VM100 keeps rebooting

cancel
Showing results for 
Show  only  | Search instead for 
Did you mean: 
Announcements
Please sign in to see details of an important advisory in our Customer Advisories area.

VM100 keeps rebooting

L4 Transporter

Hi all,

We have a Palo Alto VM-100 running under ESXi 5.0 which up until this week has been rock solid. 

On Monday it rebooted itself.  No config changes had been made for almost a month prior to this.  It also rebooted itself twice yesterday and once so far today.
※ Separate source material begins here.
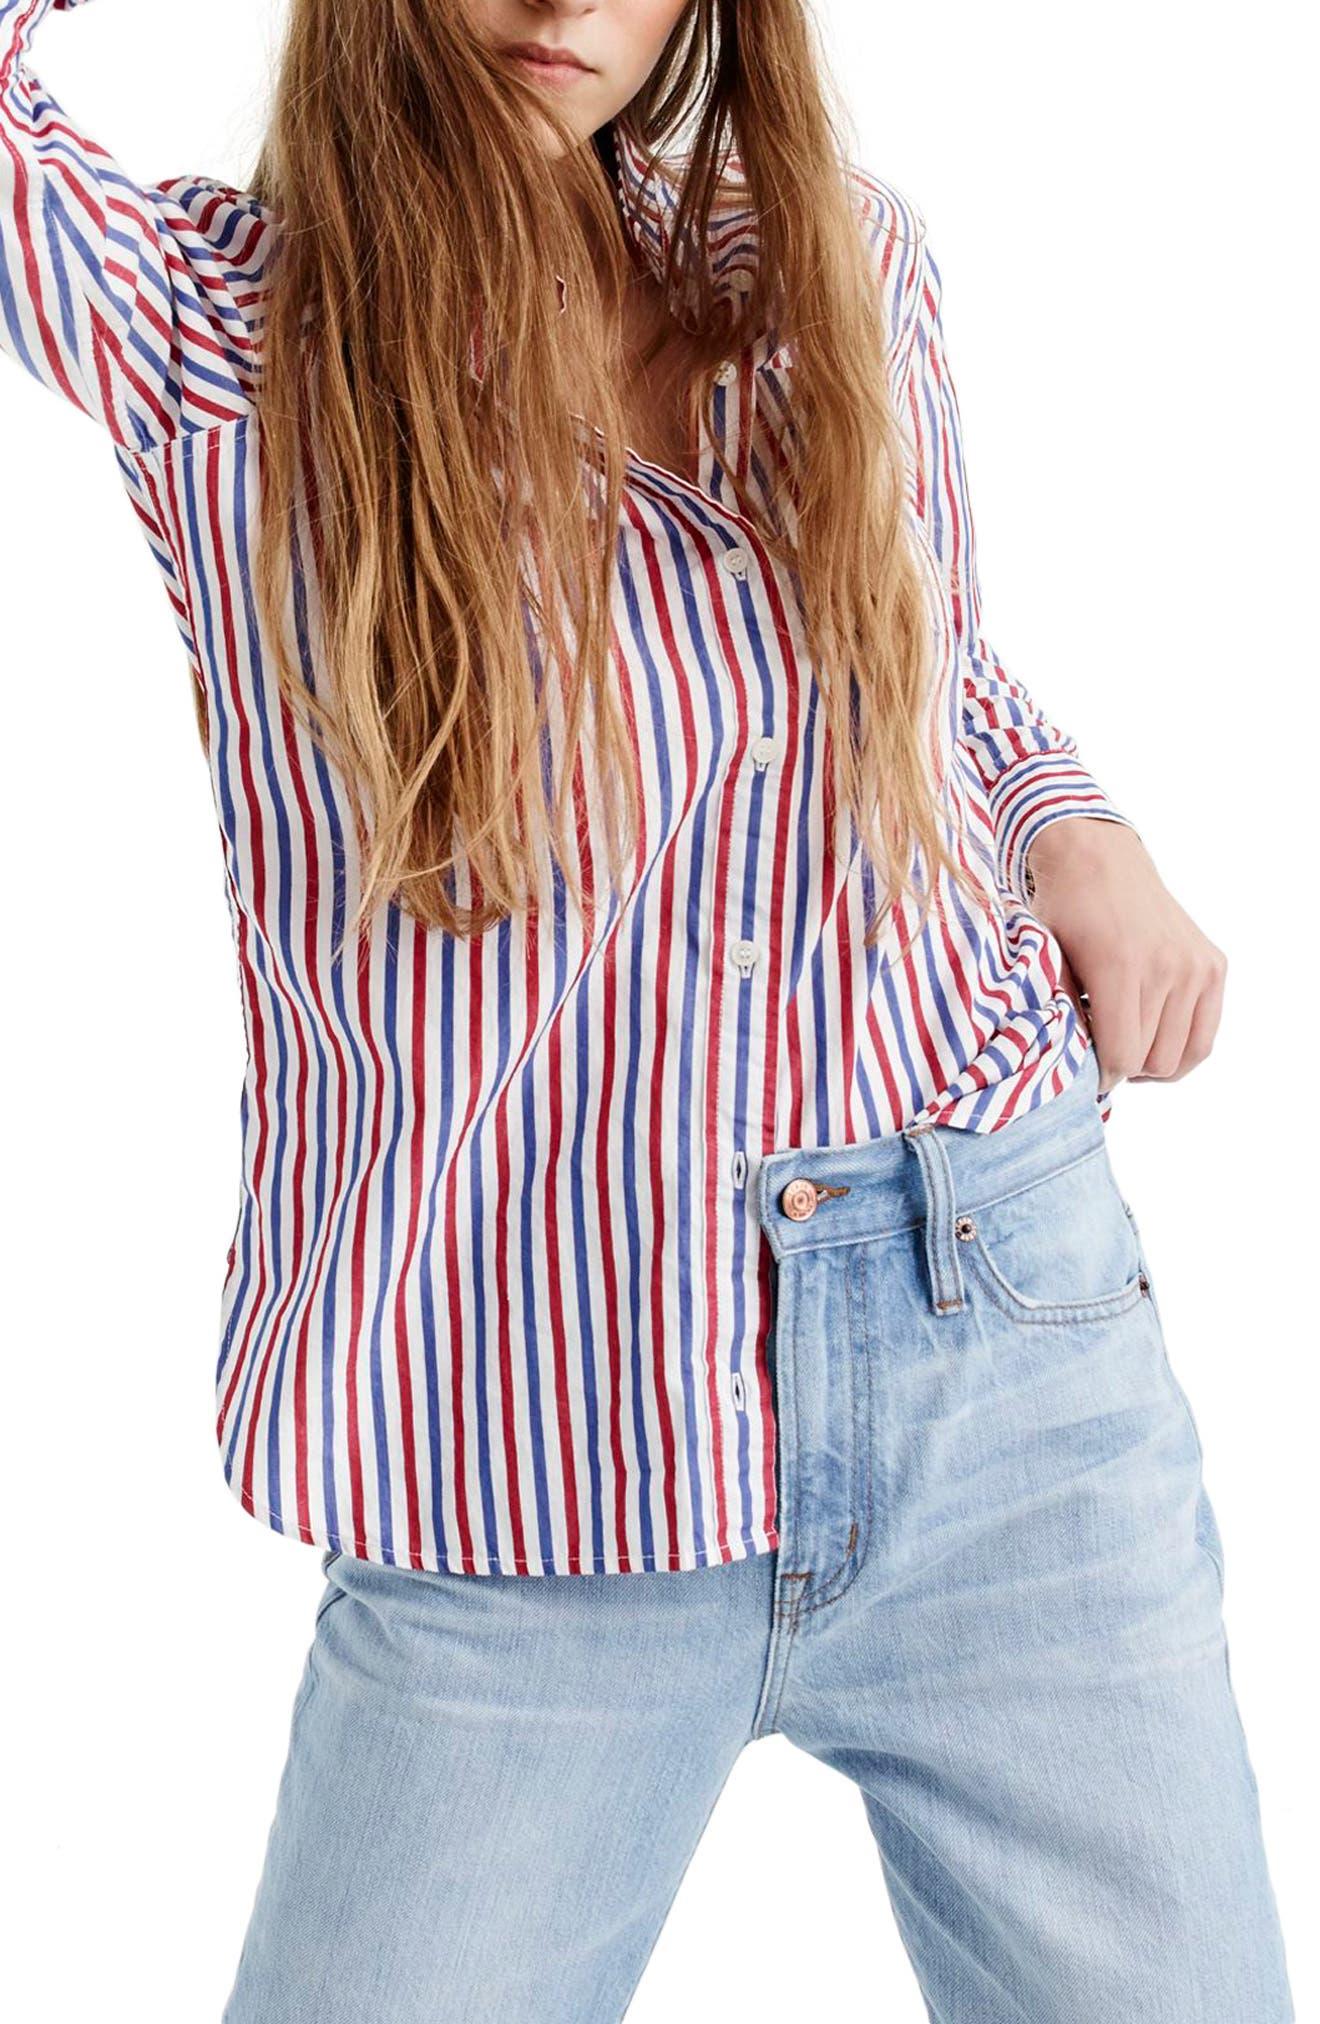 Alternate Image 1 Selected - J. Crew Stripe Boyfriend Shirt

The messages in the log are as below.  Order is from bottom to top.

Autocommit job failed
Dataplane is now up
The system is starting up.
The system is shutting down.
data_plane: restarts exhausted, rebooting system
The dataplane is restarting.
supervisor: Exited 1 times, must be manually recovered.
tasks: Exited 1 times, must be manually recovered.
all_task_2: Exited 4 times, must be manually recovered.
PAN-DB cloud list loading failed (ERROR:Couldn't resolve host name).
all_task_3: exiting because missed too many heartbeats
all_task_2: exiting because missed too many heartbeats
all_task_3: exiting because missed too many heartbeats
all_task_2: exiting because missed too many heartbeats
all_task_3: exiting because missed too many heartbeats
all_task_2: exiting because missed too many heartbeats
all_task_3: exiting because missed too many heartbeats
all_task_2: exiting because missed too many heartbeats

I logged a call over 24 hours ago with our support company but so far nobody has been able to offer any assistance at all.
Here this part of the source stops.